In the 1960s, the archaeologist Luis Alvarez (a Nobel Prize winner famous for postulating that dinosaurs went extinct because of an asteroid impact) took a muon detector to the pyramid of Khafre at Giza. Cosmic ray muons have actually been used for quite a long time (since the 1950s) in archaeology-even at Egypt’s pyramids.

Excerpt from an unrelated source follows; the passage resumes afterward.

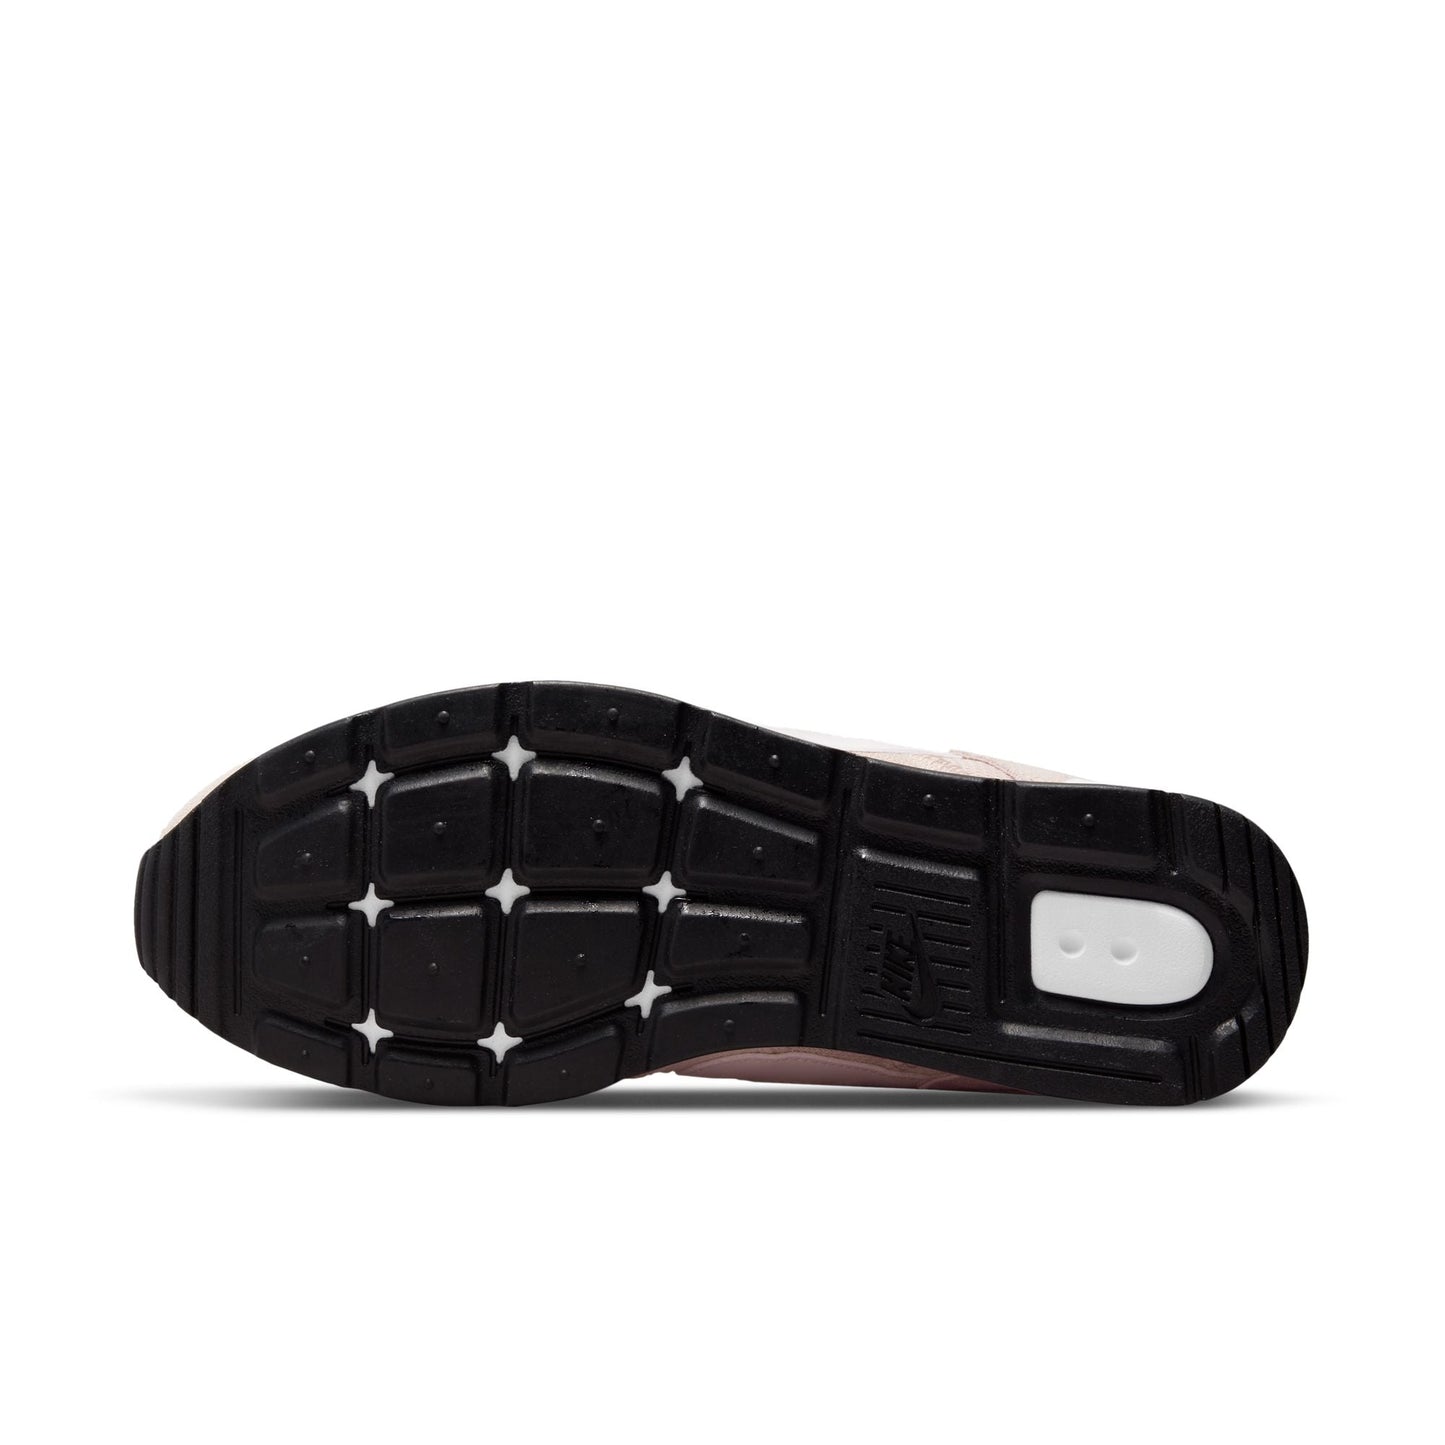 NIKE - נעלי ספורט לנשים Venture Runner בצבע ורוד ולבן - MASHBIR//365
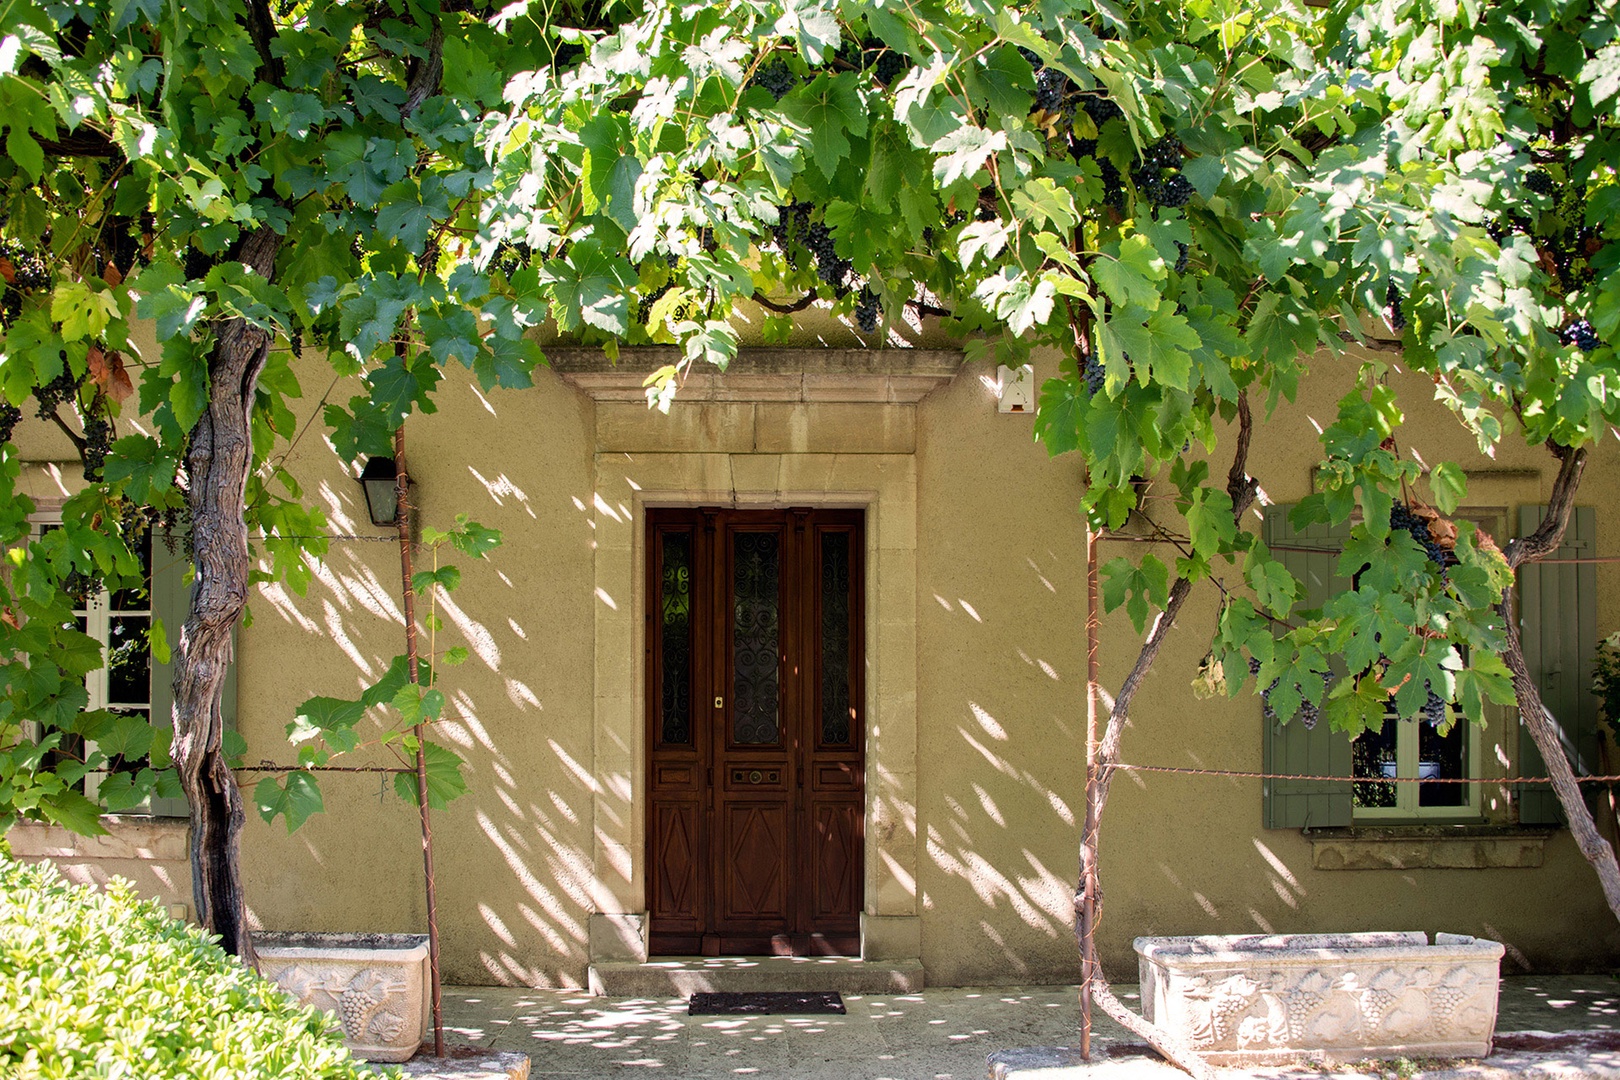 Grapevine trellis around the entrance to Le Laurier-Rose Villa.

good part of pyramids frank ocean

As far back as 1986, we were using noninvasive microgravimetry technologies on these same pyramids to measure the density of the materials inside and create models of the structures’ interiors as recently as 2000, researchers returned with ground-penetrating radar analyses. In fact, archaeology’s been so proactive about using advanced scanning technologies that the field has actually made contributions to the realm of physics (rather than just acting as a late adopter of physics’ toolkit). Measuring the characteristics of muons passing through an object gives us a sense of the density within, revealing possible cavities within a structure.Īrchaeologists have long used all sorts of crazy scanners to peer beneath the earth and within tombs without ever breaking ground. Hundreds of times heavier than electrons, but similarly tiny, they have a neat ability to penetrate even the densest materials, although they tend to slow down a bit as they do. But what’s really getting everyone’s attention is a plan to explore the pyramids by measuring something called cosmic ray muons-a seemingly crazy technology that makes this sound like an unprecedentedly inventive endeavor, allowing us to model the deepest interior contours of the pyramids without ever needing to touch them.Īlthough cosmic ray muons might sound exotic, they’re actually a common, elementary form of particle, constantly raining from the skies onto Earth. The arsenal the researchers will bring with them is dizzying, including things like drones kitted out with radiography and thermal imaging scanners. Endorsed by the Egyptian Ministry of Antiquities and officially helmed by Cairo University and the Heritage Innovation Preservation Institute, the initiative, dubbed the ScanPyramids Project, will cover the Bent and Red pyramids at the Dashur necropolis and the famous Khafre and Khufu pyramids at Giza (with brief detours to investigate the tomb of King Tutankhamen). In a snazzy video released in October, a group of Canadian, Egyptian, French, and Japanese researchers announced an initiative to probe the secrets of the Egyptian pyramids using a vast array of impressive, space-age-sounding technologies. Image by Nina Aldin Thune via Wikimedia Commons Khufu’s Pyramid, the last of the “seven wonders of the ancient world” still standing.